Pods mounting host paths:

| k8s kind=pods namespace=*
| spath path=spec.volumes{}.hostPath.path output=hostpaths
| where isnotnull(hostpaths)
| table namespace name hostpaths

For who-ran-what auditing of Kubernetes Search itself, see Access control - Auditing usage.

Across clusters

Fan out with context=* and aggregate by cluster.

Node and pod inventory per cluster:

| k8s kind=pods namespace=* context=* view=metadata
| stats dc(namespace) as namespaces count as pods by cluster

Kubernetes version skew across the fleet:

| k8s kind=nodes context=*
| spath path=status.nodeInfo.kubeletVersion output=kubelet
| stats values(kubelet) as versions by cluster

Alerting on live cluster state

Turn any of these into an alert: build the search, choose Save As - Alert, set a schedule, and trigger on the result count (for example, “number of results is greater than 0”). Because each run queries the API live, the alert evaluates the cluster’s current state every time it fires - ideal for “something is wrong right now” conditions like a node going NotReady, pods stuck Pending, or a workload below its desired replicas.

Two things follow from how scheduled searches run:

  • Each run is a snapshot.
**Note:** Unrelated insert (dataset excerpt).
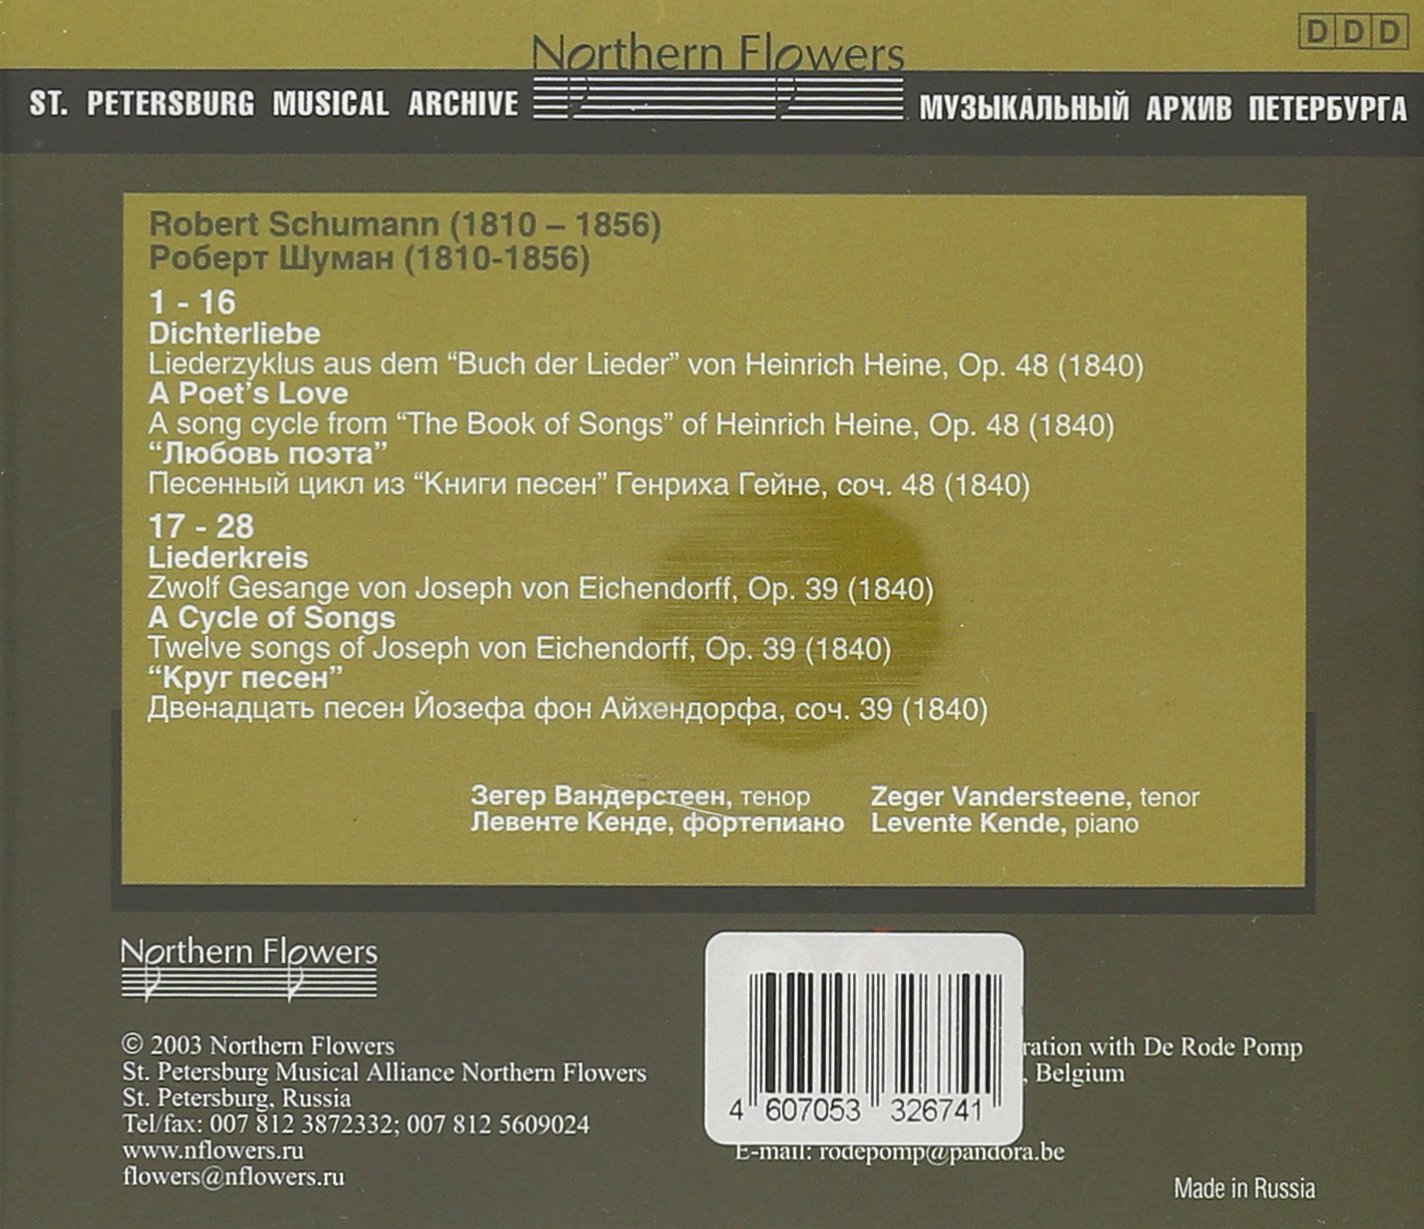 SCHUMANN: DICHTERLIEBE OP. 48; LIEDERKREIS LO.39 - Zeger Vandersteene (tenor), Levente Kende (piano)

An alert sees the cluster at the moment it runs, not a window of history. You can alert on “a pod is CrashLooping now,” but not on “the error rate over the last hour” - that second kind is what ingestion (Monitoring Kubernetes) is for. The two complement each other; see the comparison.
  • Use a shared cluster credential, not impersonation. A scheduled search runs without an interactive user, so it can’t impersonate one (see Access control). Point an alert at a cluster configured with a shared, least-privilege, read-only credential.

Mind the cache relative to your schedule: a result cached for 30 seconds won’t reflect a change from 10 seconds ago. For time-sensitive alerts add cache=0 so each run hits the API fresh, and weigh the load that adds on busy clusters (see Performance).

Example - alert when any node is not Ready. Use the node-readiness search above, save it as an alert, schedule it every few minutes, and trigger when the result count is greater than zero. The triggered alert lists exactly which nodes are affected, so the notification is actionable on its own.